We encourage contributions to `twat-mp`! Please follow these guidelines:

#### Conventions

- **Formatting:** Code is formatted using [Ruff](https://github.com/astral-sh/ruff) (which includes Black-compatible formatting). Key settings (from `pyproject.toml`):
    - `line-length = 88`
    - `quote-style = "double"`
    - `indent-style = "space"`
- **Linting:** Ruff is also used for linting, with an extended set of rules (`I` for isort, `N` for pep8-naming, `B` for flake8-bugbear, `RUF` for Ruff-specific rules). See `pyproject.toml` for specific ignored rules.
- **Typing:** The project uses type hints and is checked with [MyPy](http://mypy-lang.org/). Stricter MyPy options are enabled (e.g., `disallow_untyped_defs`, `no_implicit_optional`).

#### Testing

- Tests are written using [Pytest](https://docs.pytest.org/).
- **Running Tests:**
    - Core synchronous tests: `hatch run test:test` (runs tests in parallel, ignores async tests).
    - To run specific tests or with coverage: `hatch run test:test-cov`.
    - Asynchronous tests (require `[aio]` extra) are typically in `tests/test_async_mp.py` and can be run specifically if needed, e.g., `pytest tests/test_async_mp.py`. Project configuration aims to skip these by default if `aiomultiprocess` is not available or if explicitly excluded.
- **Benchmarks:** Performance benchmarks use `pytest-benchmark`. Run with `hatch run test:bench`.
- New features should include corresponding tests.

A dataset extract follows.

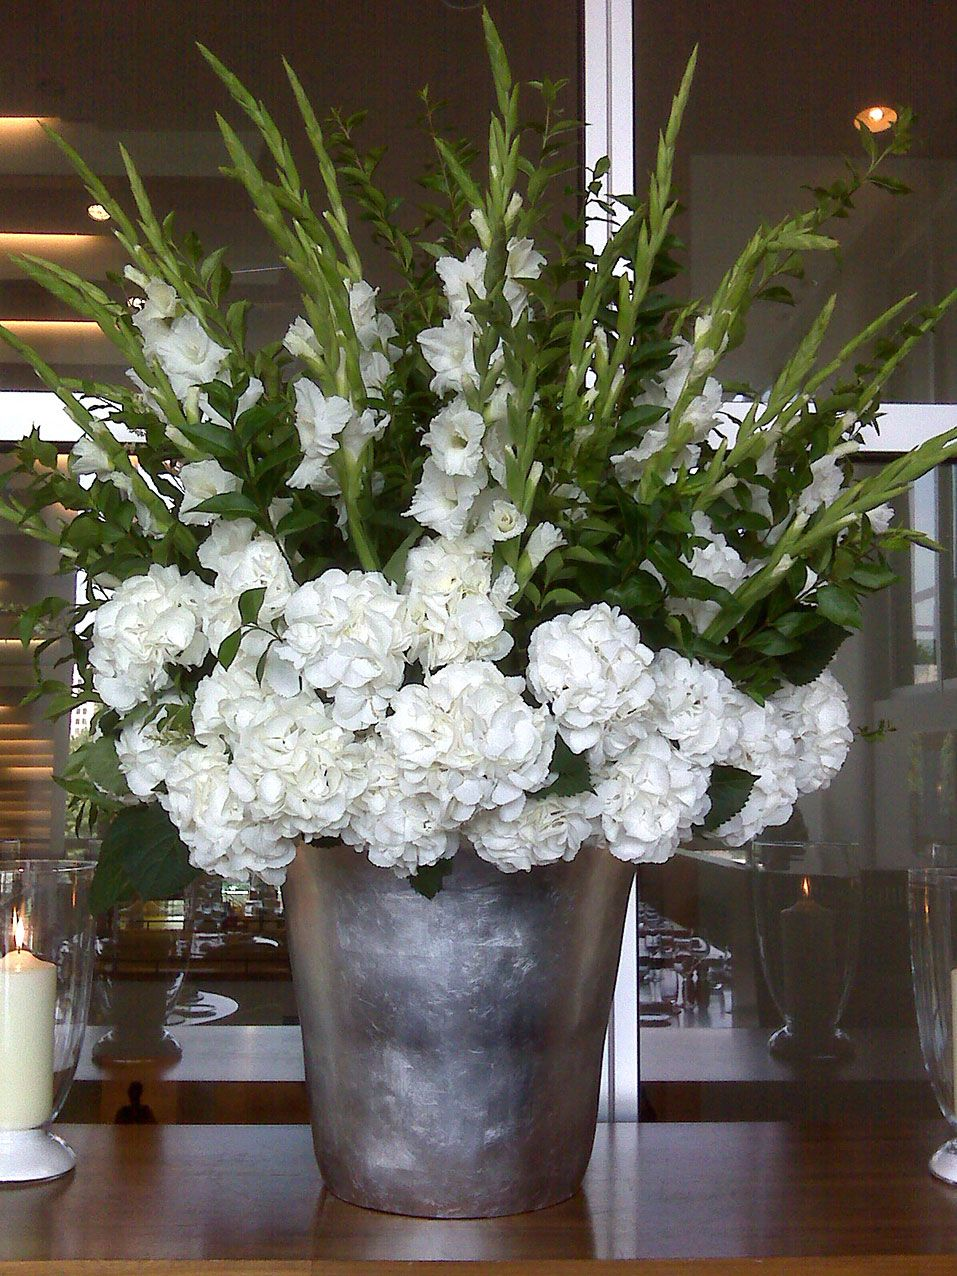 Gallery Mcqueens Florist Hydrangea Arrangements Large Flower Arrangements Hotel Flowers

Bug fixes should ideally include a test that reproduces the bug.

#### Dependencies

- **Core:** `pathos` is a core dependency.
- **Optional:** `aiomultiprocess` is an optional dependency, required for the experimental async features. It's managed via the `[aio]` extra in `pyproject.toml`.
- Development dependencies (linters, testing tools) are listed under `[project.optional-dependencies]` (e.g., `test`, `dev`).

#### Versioning

- Versioning is managed by `hatch-vcs`, which derives the project version from Git tags.

#### Contribution Process

1. **Fork the repository** on GitHub.
2. **Create a new branch** for your feature or bug fix: `git checkout -b feature/your-feature-name` or `bugfix/issue-description`.
3. **Make your changes.** Ensure you add tests and update documentation if necessary.
4. **Run linters and tests** locally to ensure everything passes:
   ```bash
   hatch run lint:all
   hatch run test:test
   hatch run test:test-cov
   ```
5. **Commit your changes** with clear and descriptive commit messages.
6. **Push your branch** to your fork: `git push origin feature/your-feature-name`.
7. **Open a Pull Request (PR)** against the `main` branch of the `twardoch/twat-mp` repository.
8. Clearly describe your changes in the PR. Link to any relevant issues.

#### Project Structure

- `src/twat_mp/`: Main source code for the library.
    - `mp.py`: Synchronous multiprocessing components.
    - `async_mp.py`: Experimental asynchronous multiprocessing components.
- `tests/`: Pytest tests.
- `docs/`: Additional documentation (like `architecture.md`).
- `pyproject.toml`: Project metadata, dependencies, and tool configurations.
- `README.md`: This file.

## API Reference

For detailed API documentation of all classes, methods, and functions, please see the [API Reference (API_REFERENCE.md)](API_REFERENCE.md).

## License

`twat-mp` is licensed under the [MIT License](LICENSE).